Herbaceous, eastern North American perennial
Description: Lavender-pink, five-petaled flowers in spring; aromatic foliage turns burgundy in fall
Habit: Forms a spreading groundcover in the garden to 18 inches high and wide
Culture: Grow in humus-rich soil and a shady to sunny location; tolerates somewhat dry conditions
Hardiness: Cold hardy to USDA Zone 3
In his New England Rarities (1672), John Josselyn called the Wild Geranium "Raven's-Claw," and in 1814 Frederick Pursh noted the name "Alum-root, on account of the astringent taste of the roots." Its name derives from geranos, the Greek word for crane, alluding to the long beak of the seed. While in France in 1786, Thomas Jefferson requested plants of this species from the nursery of Quaker botanist John Bartram, Jr. to share with his many Parisian friends. Wild Geranium grows abundantly in the forests of Monticello today and is not attractive to deer.

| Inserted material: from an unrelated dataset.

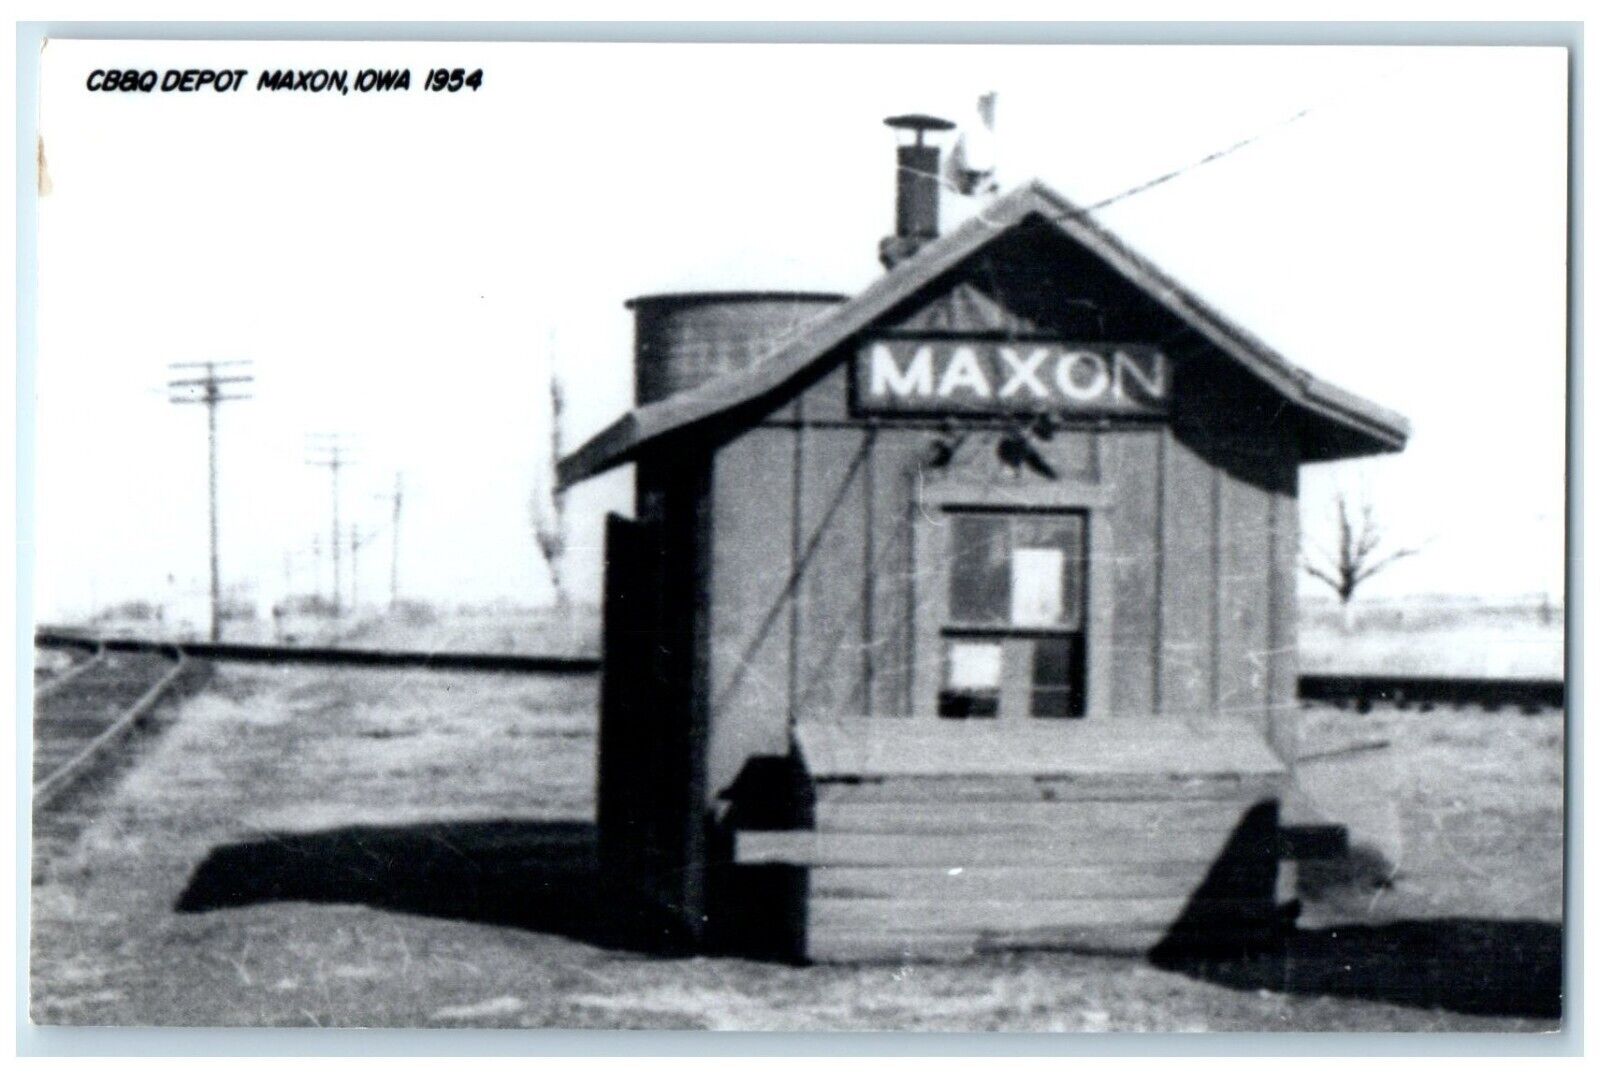 c1954 CB&Q Depot Maxon Iowa IA Railroad Train Depot Station RPPC Photo Postcard

This plant will ship bare root. Grade: #1.
Bare root planting tips:
~ If you can't plant immediately, store your plant in a cool location and keep the roots moist or pot in a container with a nursery potting mix from your local garden center.
~ Before planting, let the roots soak for several hours as you prepare the site. You'll want to dig a large enough hole so the root mass can spread out and the plant is at the same soil level as when it was growing in the nursery.
~ Once planted, water it in well and wait a month before fertilizing. Mulching will help to maintain moisture and raise soil temperatures for faster growth.